Understanding the origin of human brain evolution and the underlying molecular mechanisms is made challenging by the complexity of the brain itself and ethical barriers to the use of human samples. The Kalebic team discusses how human forebrain organoids can be exploited to study human brain evolution and neurodevelopmental pathologies.
Human brain evolution has been linked to an increase in brain size and, in particular, to the expansion of the neocortex, a specialised brain region that controls higher cognitive functions such as conscious decision-making and language. The expansion of the neocortex is the result of an increased production of neuronal cells from neural progenitor cells named basal radial glia (bRG). Impaired proliferation of bRG impacts on neuronal cells and leads to the onset of neurodevelopmental disorders.

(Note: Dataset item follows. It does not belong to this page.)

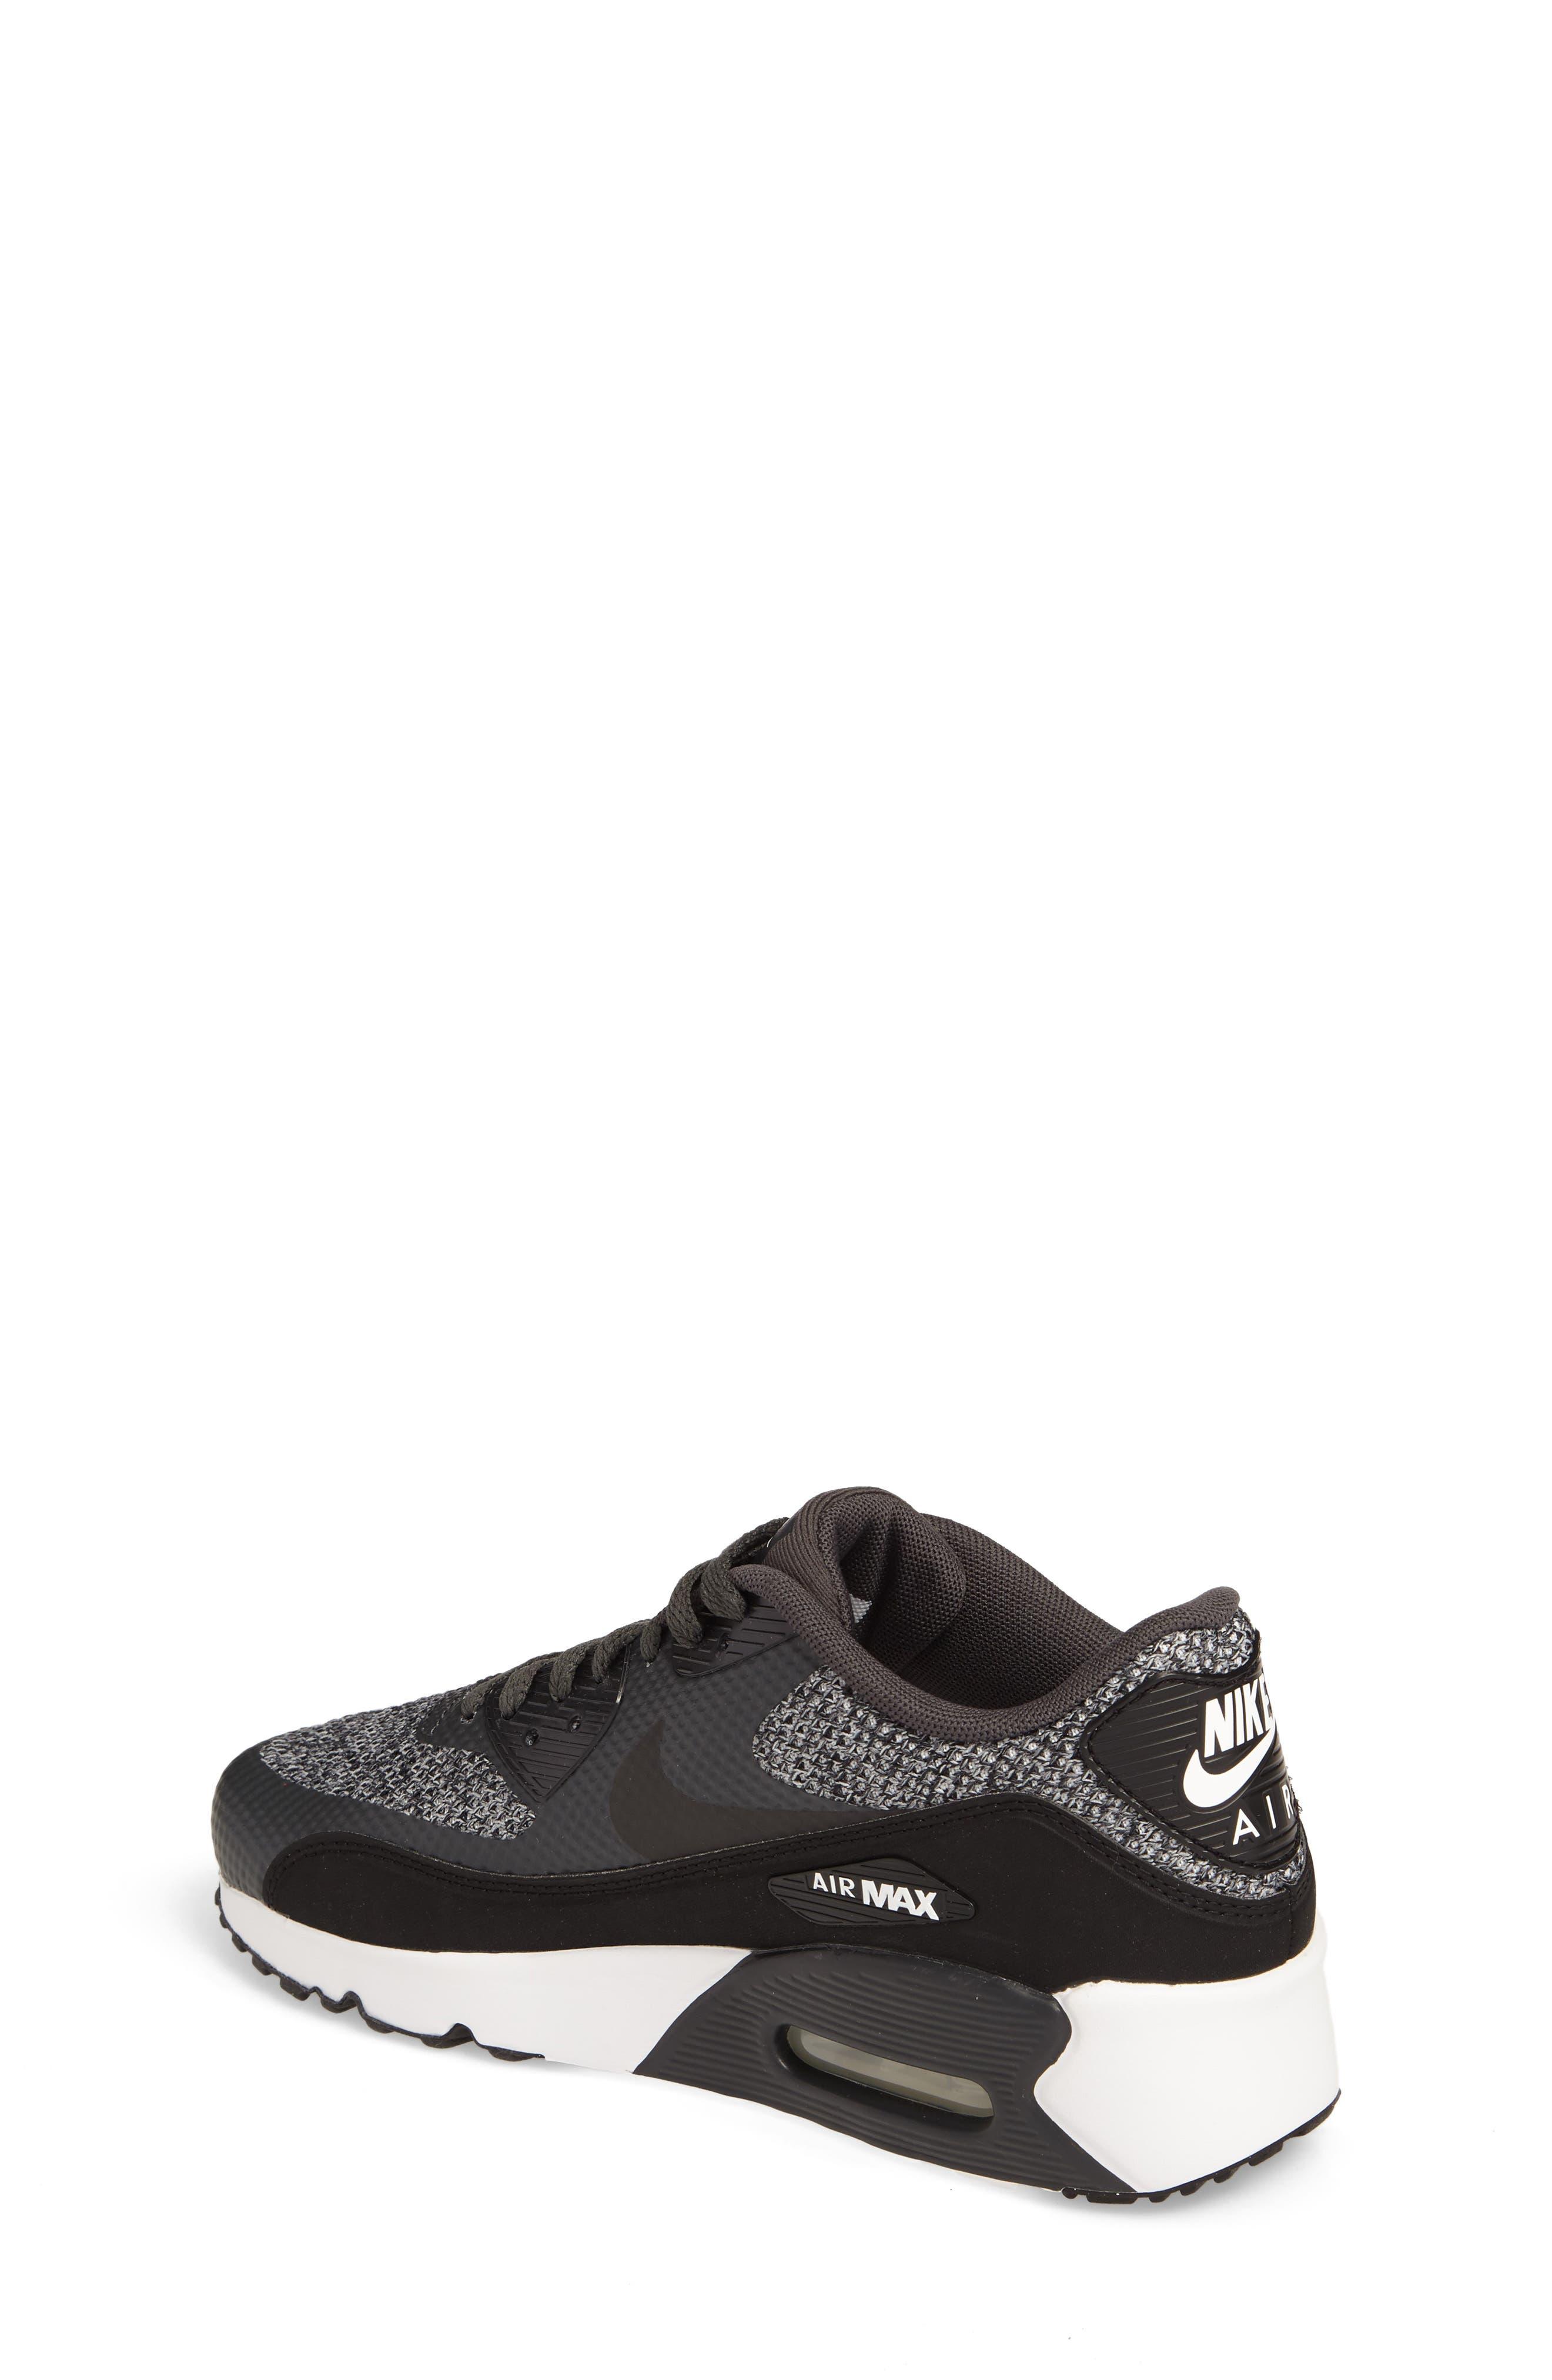 Air Max 90 Ultra 2.0 SE Sneaker,                             Alternate thumbnail 2, color,                             Anthracite/ Black
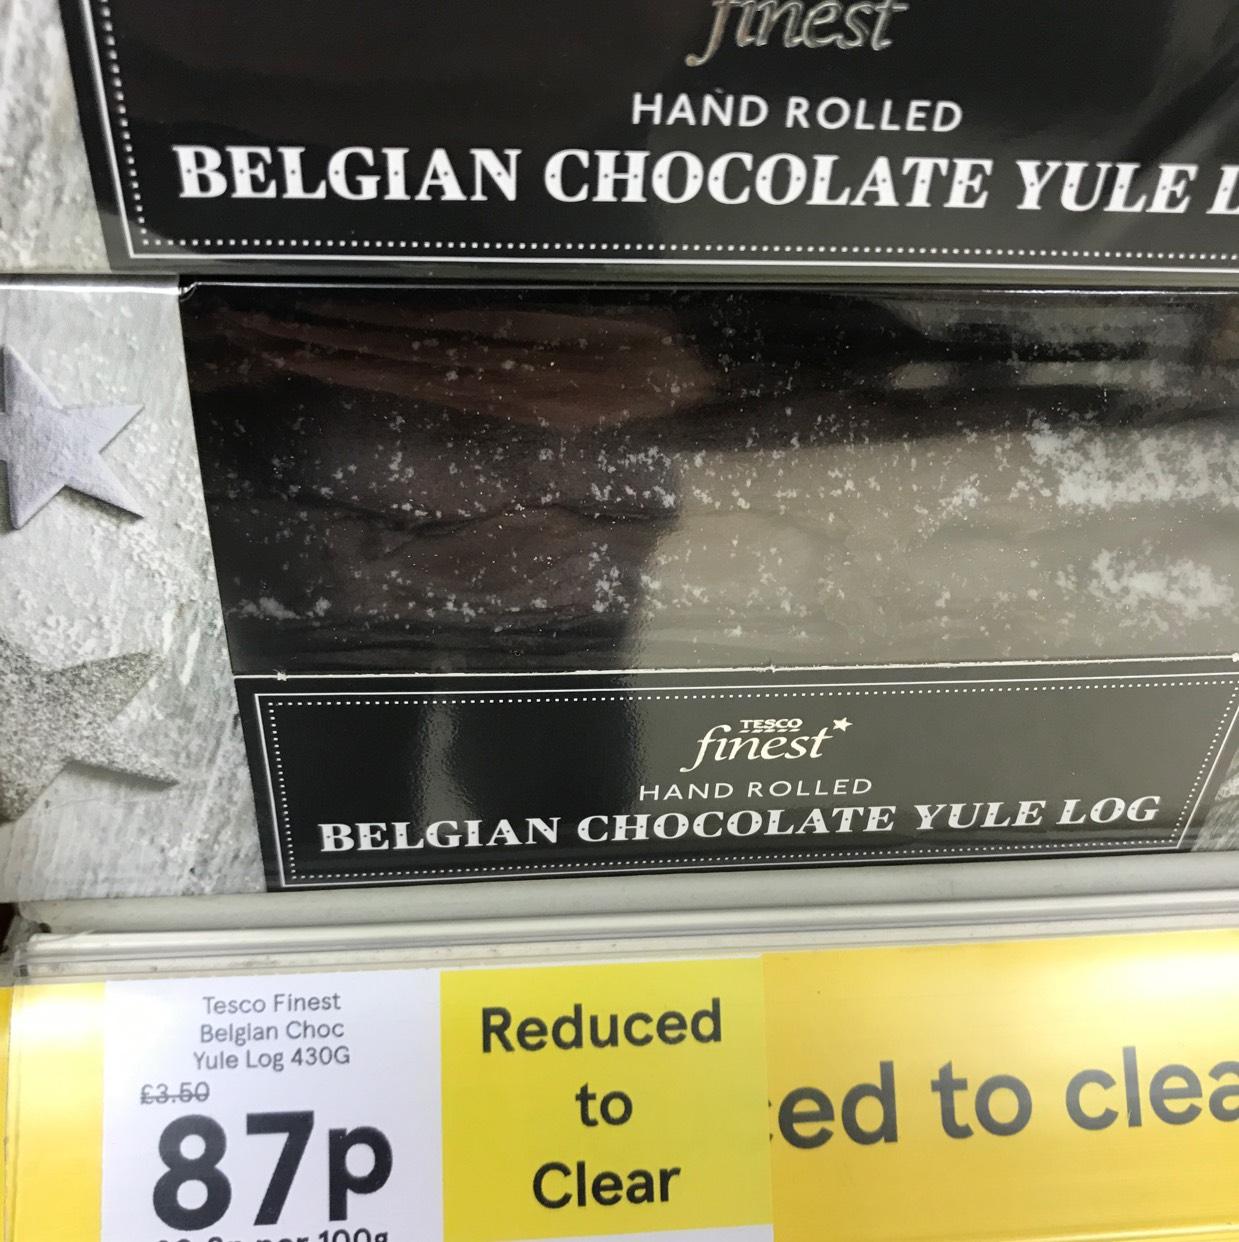 Tesco finest Belgian chocolate Yule log 87p instore

Flaminia Kaluthantrige Don and Nereo Kalebic at the HT Neurogenomics Research Centre review current research on cerebral organoids – miniature organ-like 3D structures grown from cultured pluripotent stem cells and recapitulating the key features of human brain – as a tool to investigate human brain development in vitro, thus overcoming the limitations to the access and availability of human brain specimens. The researchers discuss how forebrain organoids have been instrumental to shed light on molecular and cellular features of the bRG, and how deregulation of vital signalling pathways in bRG is involved in the onset of various neurodevelopmental diseases.
The review is published in Frontiers in Cell and Developmental Biology.
The image shows neural progenitor cells (green) lining a ventricle of a day 76 brain organoid. A subpopulation of these progenitors, called basal radial glia (bRG), marked by a bRG marker (magenta), have their proliferating niche further away from the ventricle.